The blood compatibility challenge. Part 3: Material associated activation of blood cascades and cells

• Published in: Acta biomaterialia Vol. 94; pp. 25 - 32
• Main Authors: Gorbet, Maud, Sperling, Claudia, Maitz, Manfred F., Siedlecki, Christopher A., Werner, Carsten, Sefton, Michael V.
• Format: Journal Article
• Language: English
• Published: England Elsevier Ltd 01.08.2019; Elsevier BV
• Subjects: Blood; Blood clots; Blood compatibility; Cascades; Cell activation; Coagulation cascade; Compatibility; Complement; Complement activation; Fibrin; Fibrinogen; Leukocyte activation; Leukocytes; Platelet activation; Platelets; Protein adsorption; Thrombogenicity; Thrombosis; Blood compatibility; Complement; Platelet activation; Leukocyte activation; Thrombogenicity; Coagulation cascade
• ISSN: 1742-7061; 1878-7568; 1878-7568
• DOI: 10.1016/j.actbio.2019.06.020

[Display omitted] Following protein adsorption/activation which is the first step after the contact of material surfaces and whole blood (part 2), fibrinogen is converted to fibrin and platelets become activated and assembled in the form of a thrombus. This thrombus formation is the key feature that needs to be minimized in the creation of materials with low thrombogenicity. Further aspects of blood compatibility that are important on their own are complement and leukocyte activation which are also important drivers of thrombus formation. Hence this review summarizes the state of knowledge on all of these cascades and cells and their interactions. For each cascade or cell type, the chapter distinguishes statements which are in widespread agreement from statements where there is less of a consensus.
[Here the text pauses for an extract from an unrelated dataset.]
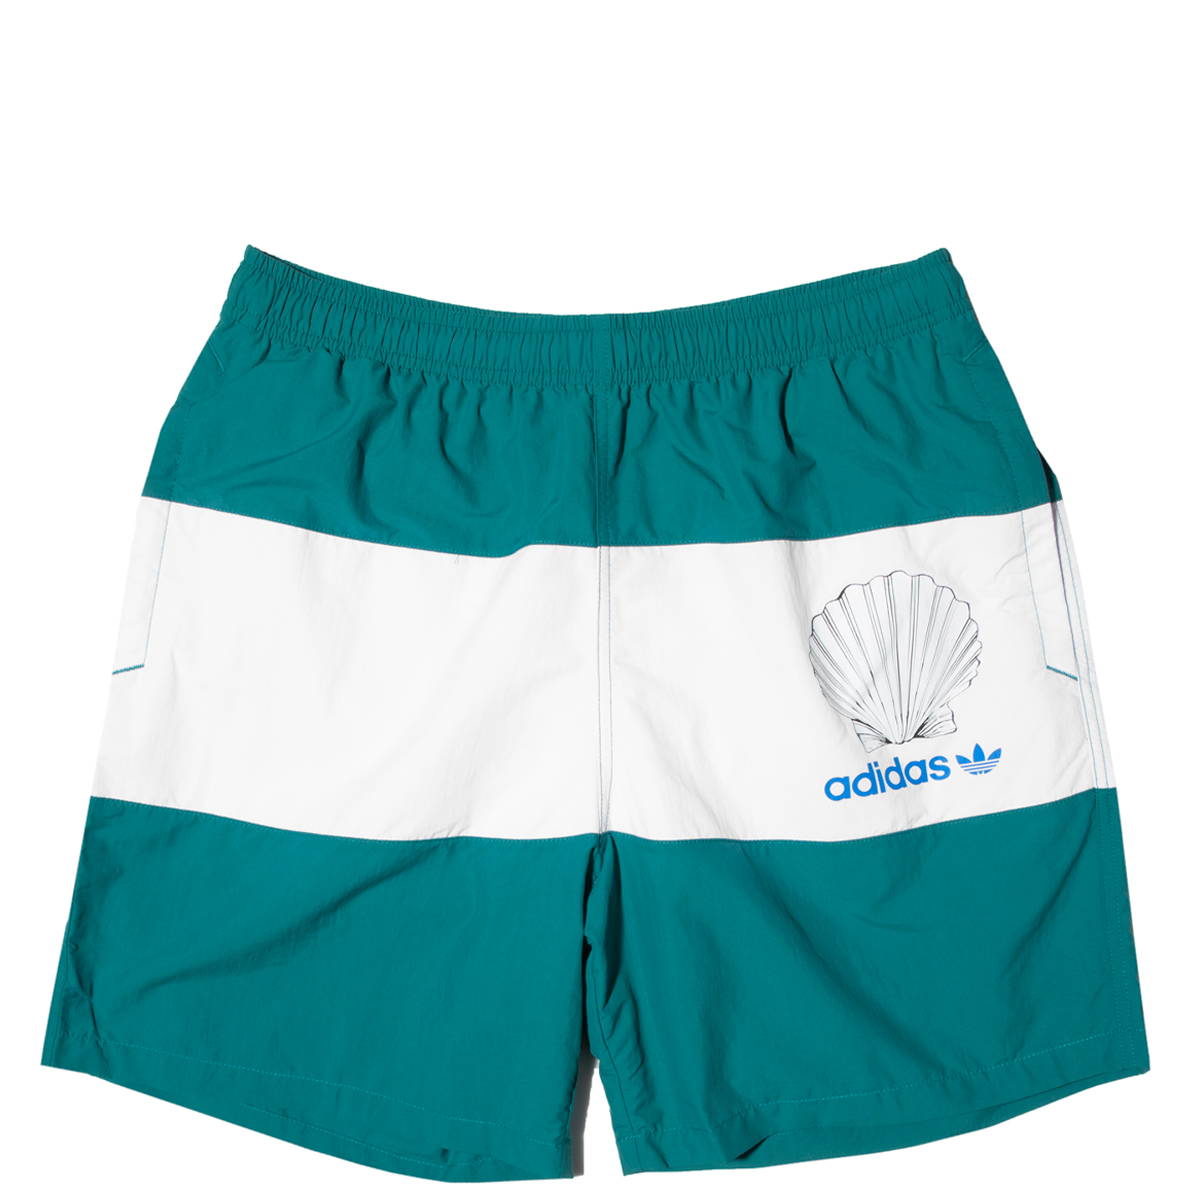 adidas sailing shorts

This paper is part 3 of a series of 4 reviews discussing the problem of biomaterial associated thrombogenicity. The objective was to highlight features of broad agreement and provide commentary on those aspects of the problem that were subject to dispute. We hope that future investigators will update these reviews as new scholarship resolves the uncertainties of today.